Infrastructure Upgrades for Data Residency
Scheduled Maintenance Report for GitKraken
Postmortem

On Thursday, January 20 we did a release to add Data Residency support (adding hosting in the European Union using the AWS Frankfurt Germany region), and change the AWS instance class for our production instances.

The release process was estimated to take ~20 minutes, with the majority of that time spent on shutting down the AWS instance, changing the type, and restarting all services.

After resizing the instance, we noticed that our EBS data volumes were performing slowly, to the point of being unusable.

The initial diagnosis was the slow EBS volume behavior behaved like a volume recently restored from a backup snapshot (where data needs to be lazy-loaded behind the scenes by AWS).

We could not find an explanation for this behavior, as we had not made any changes to the data volumes. Working with AWS support, it was determined changing the instance class from r5 to r5b caused the volumes to go through an optimization step behind the scenes. During this optimization, we encountered an issue with some of the data volumes, resulting in increased latency.

AWS support tried to investigate the issue, but could not find a lead as to the cause, or possible fix.

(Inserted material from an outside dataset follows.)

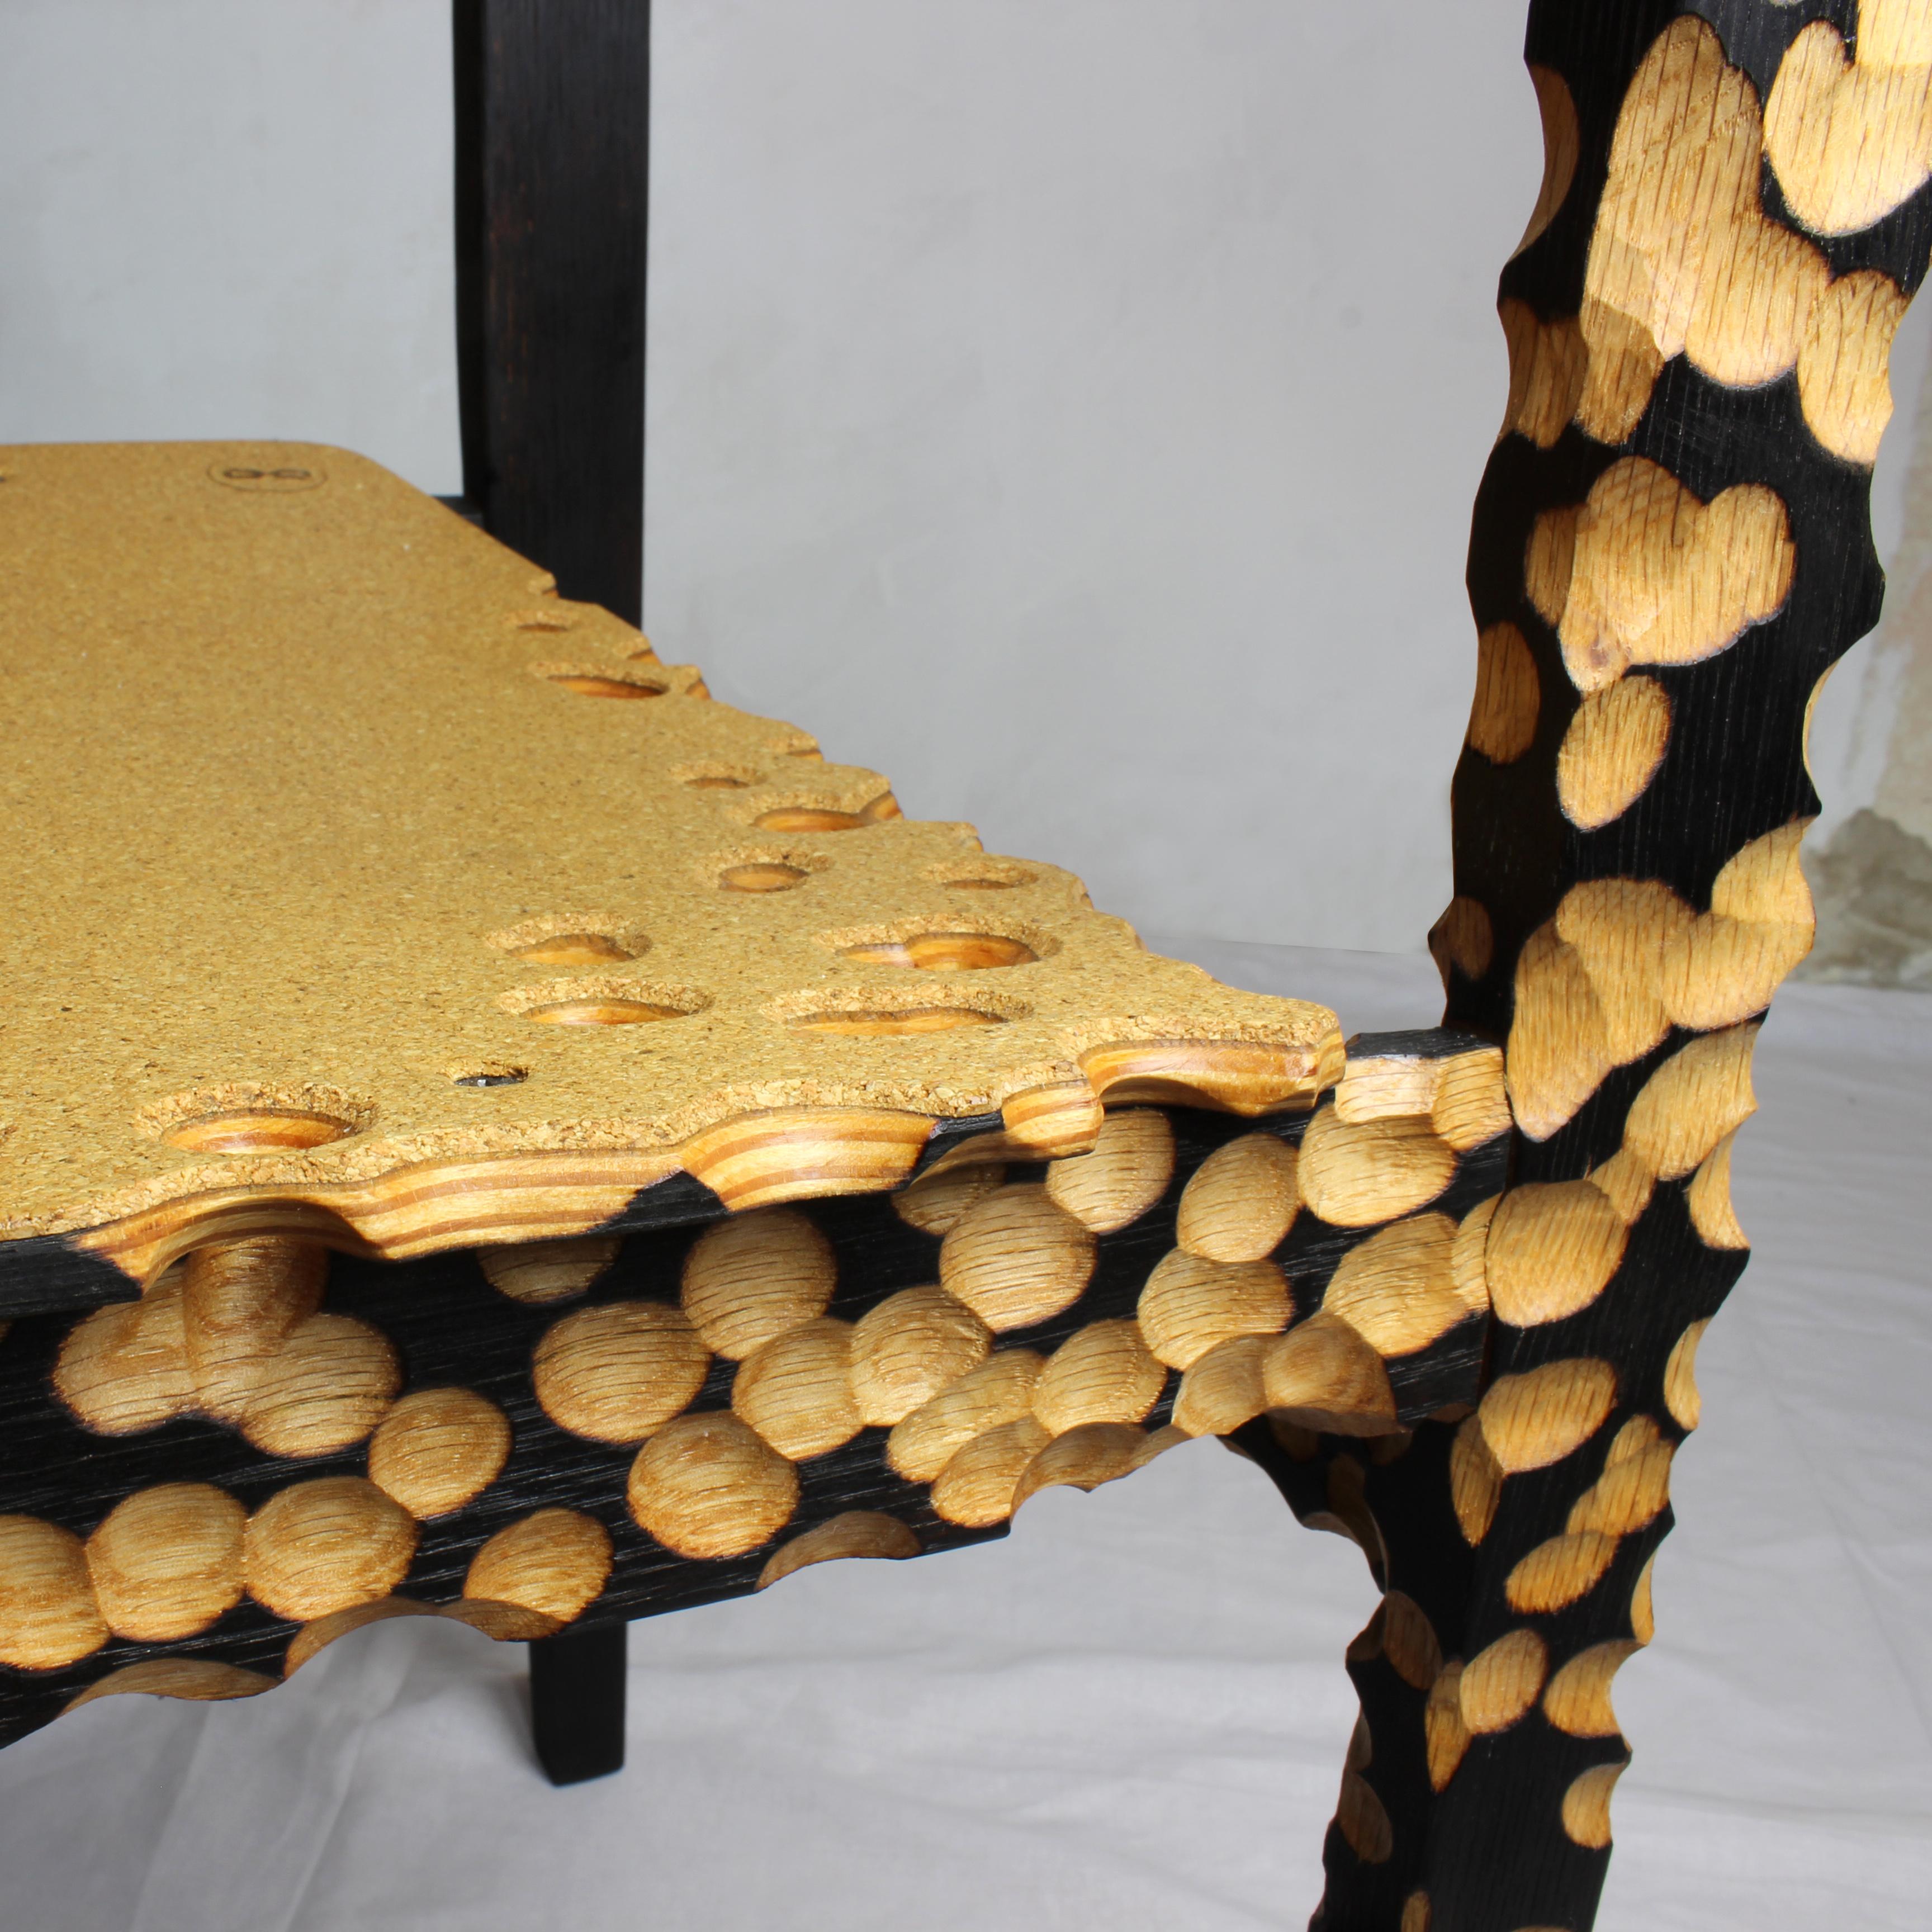 N1 Chair, Unique Sculptured, Charred Furniture, from Salvaged Chair and Cork For Sale 4
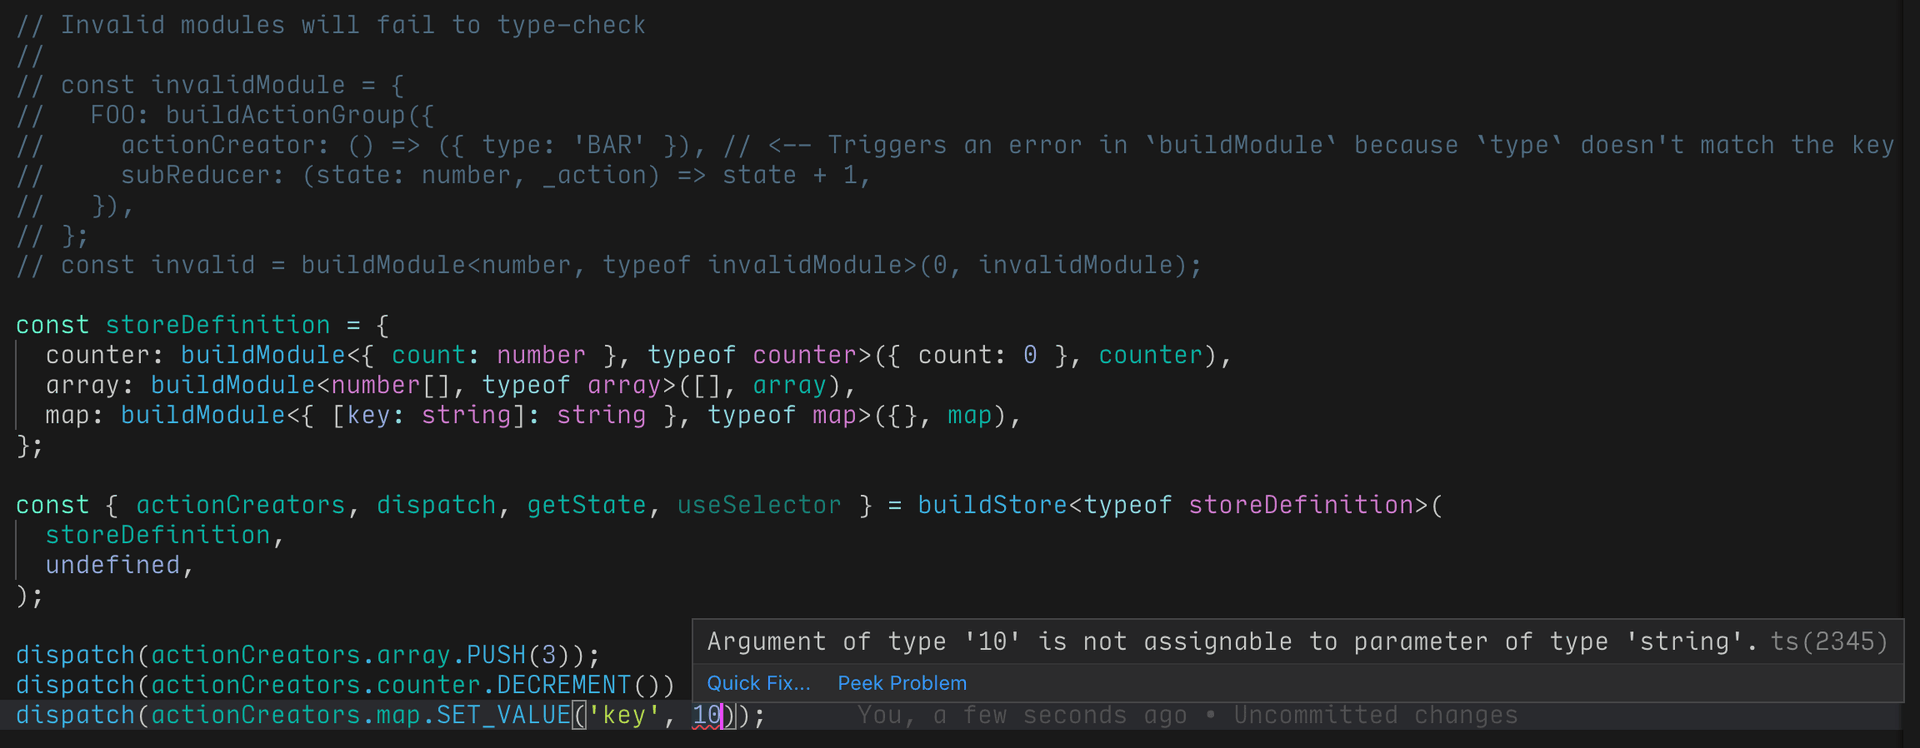 A screenshot of the VS Code text editor demonstrating the type inference provided by the Jantix library

This issue needed to be escalated to the EBS services team to investigate. The timeline for optimization to finish and/or the EBS team to do their investigation was unknown at this time, and AWS Support could not even provide an estimate.

Because of the uncertain AWS estimates, we decided to restore all data from snapshots (created prior to the release). Because we regularly create backup snapshots, including during each release, we had a full data set to restore.

At this stage, we rolled back our instance changes, and used EBS Fast Snapshot Restore (FSR) to recover all production data from backup snapshots. This process took about 4 hours in total, as we waited for FSR to go through optimizations, and credits to accrue that allowed us to recreate the volumes. Once that was done, things returned back to normal.

We apologize for the interruption. We are reviewing our release and operations processes to address these issues in the future.

Git Integration for Jira Cloud Operations Team

Posted Jan 24, 2022 - 16:12 EST

Completed
The scheduled maintenance has been completed.
Posted Jan 21, 2022 - 00:15 EST
In progress
Scheduled maintenance is currently in progress. We will provide updates as necessary.
Posted Jan 20, 2022 - 23:45 EST
Scheduled
We will be undergoing scheduled maintenance during this time to add Data Residency capabilities.
Please expect some minor outages and slowdowns during this outage window.
Posted Jan 20, 2022 - 22:48 EST
This scheduled maintenance affected: Git Integration for Jira Cloud - Global Region.